I like eating seafood, as long as it's not fried. If it's fried, I get tired of it, and eventually it's just nauseating. 

But I eat OTHER fried foods all the time. Hrrrm.... 

Also, wasabi. I love it but I can't stand it. Aaahg!!!


----------



## Bard_Daniel (Dec 8, 2015)

mrmustard615 said:


> My Mom used to eat potato chip sandwiches. Now that was just plain weird.



:O

I ate those when I was little!


----------



## RhythmOvPain (Dec 8, 2015)

Weed gave me the most magical and beautiful moments of my life.

Today.

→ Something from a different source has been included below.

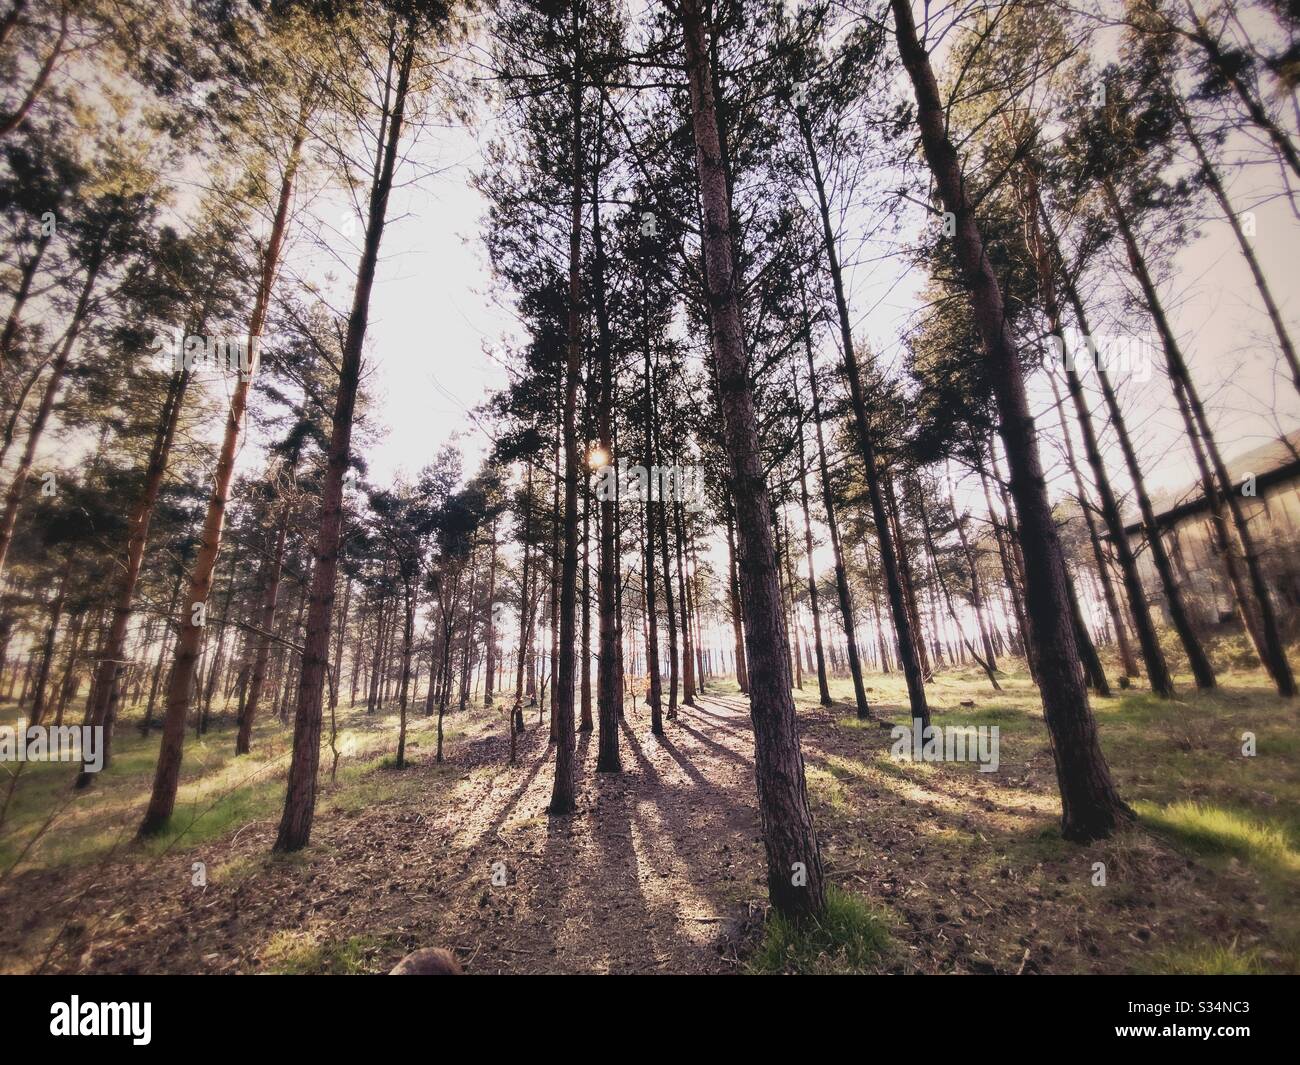 Alti pini nella foresta densa rurale. Scena naturale di trekking in sentiero boscoso. Vista ad angolo basso e ampio di rami, tronchi e cielo. Retroilluminata con tramonto dietro i boschi. Foto Stock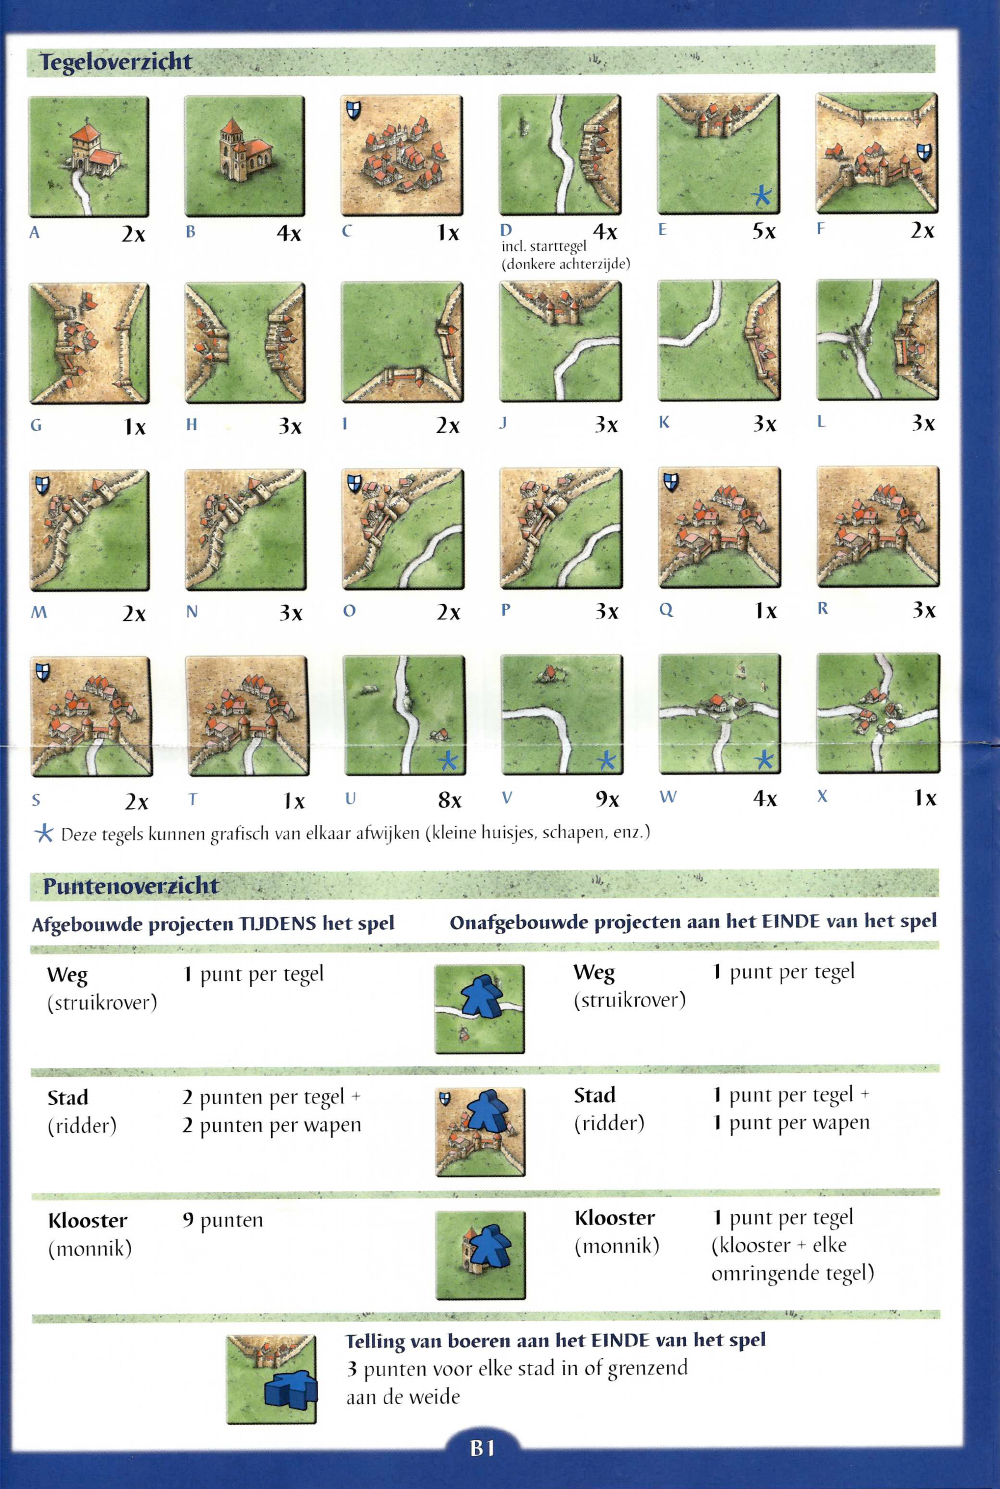 Doornen Ga terug kaas Handleiding 999 games Carcassonne Reiseditie (pagina 4 van 5) (Nederlands)

It's an expensive way to pass 45 minutes.

But I can't stop because I love eet.


----------



## RhythmOvPain (Dec 8, 2015)

Schrody said:


> Tuna with cheese sounds gross...



Wait...

How can any kind of protein EVER taste bad with cheese?

... ALIEN!


----------



## dale (Dec 8, 2015)

RhythmOvPain said:


> Wait...
> 
> How can any kind of protein EVER taste bad with cheese?
> 
> ... ALIEN!



lol. i don't like cheese on fish, either. i don't like cheese on chicken, either. there's just something totally wrong about eating cheese on an animal that doesn't even make milk with their own flesh.


----------



## RhythmOvPain (Dec 8, 2015)

...

Chickens haz tittehs too.

They have no nipples, but they taste INCREDIBLE smothered in CHEESE.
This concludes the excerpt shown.